Data Pipeline Basics
Source Data
The input data you want to transform
Target Schema
The desired structure for your output data
Source Data
Source data is any user-provided data that you want to interpret or transform. Lume supports various structured and semi-structured formats:
- JSON
- CSV
- Excel
- And more
While Lume only requires a single record to generate mapping logic, providing larger data samples improves mapping accuracy through better pattern recognition.
Need support for additional data formats? Contact the Lume team for assistance!
Target Schema
A target schema defines the desired output format for your transformed data. It uses JSON Schema format to specify:
- Expected data types
- Field requirements
- Data validation rules
- Format specifications
Remember: Property names in Lume’s API cannot contain periods (.).
Don’t know JSON Schema? Lume can automatically generate a target schema from a sample CSV file containing your desired output format. This makes it easy for non-technical users to define their data requirements.
Pipeline Components
Flows
Orchestrate your data transformation journey
Mapping
AI-powered data transformation
Runs
Execute and monitor your transformations
Flows
A flow is your complete data transformation pipeline.

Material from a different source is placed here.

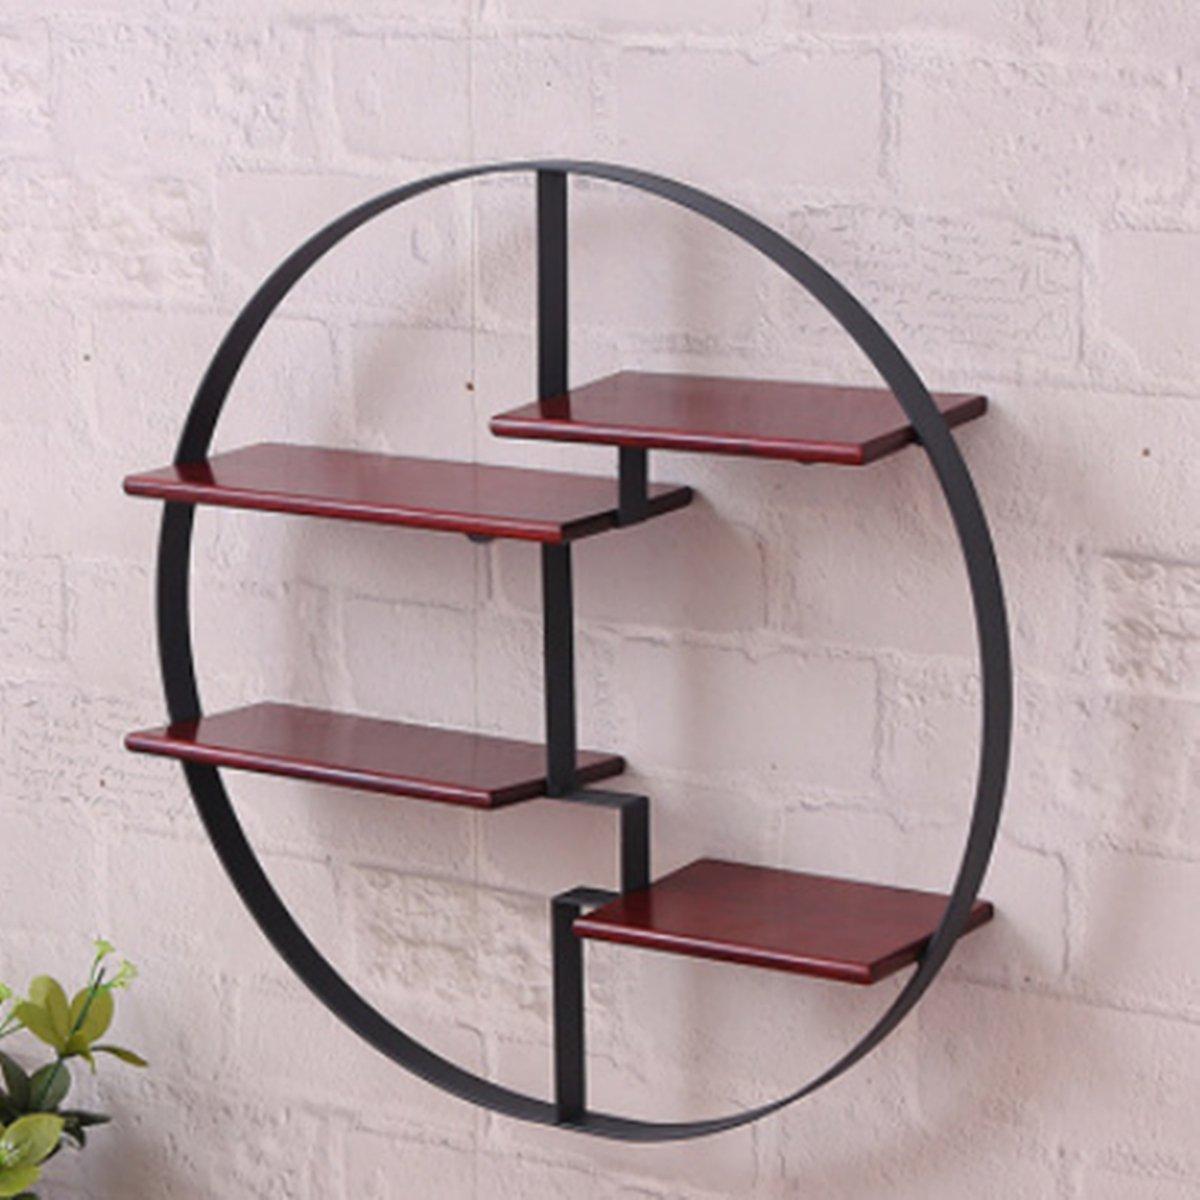 KINGSO Round Wall Unit Retro Wood Industrial Style Metal Shelf Rack Storage Black Black

It can:
- Accept multiple data inputs
- Include multiple transformation steps
- Join and combine data
- Produce final mapped output
Flows help you organize related transformations into logical sequences. Complex transformations can be broken down into manageable steps, making them easier to maintain and modify.
Mapping
Lume generates Python code to transform your data, but you don’t need to be a programmer to use it effectively. The platform provides:
For Excel Users:
- Visual data lineage showing how fields map between source and target
- Sample data previews at each transformation step
- Natural language explanations of the transformation logic
- Interactive workshopping interface for adjusting mappings
For Developers:
- Python-based transformation code (with SQL, dbt, and JSONata support coming soon)
- Version control for all mapping logic
- Direct code editing capabilities
- Test-driven development support
Whether you’re Excel-proficient or a seasoned developer, Lume provides the tools you need to understand and control your data transformations.
Access the Schema Transform node within your flow to workshop and improve your mapper logic. Test changes with sample data before deployment.
Runs
A run represents the actual execution of your flow. Each run tracks:
- Input source data
- Output mapped data
- Mapper version used
- Real-time execution status
- Validation results
Quality Control
Validation
Ensure data quality and accuracy
Monitoring
Track performance and catch issues
Iteration
Improve and refine your pipelines
Validation
Lume provides comprehensive validation capabilities:
- Schema compliance checking
- Data format verification
- Required field validation
- Custom validation rules
Monitoring
Monitor your data transformations through:
- Real-time run status
- Field-level validation results
- Macro statistics
- Performance metrics
Iteration
Improve your pipelines through:
- Direct code inspection
- Interactive workshopping
- Test-driven development
- Version control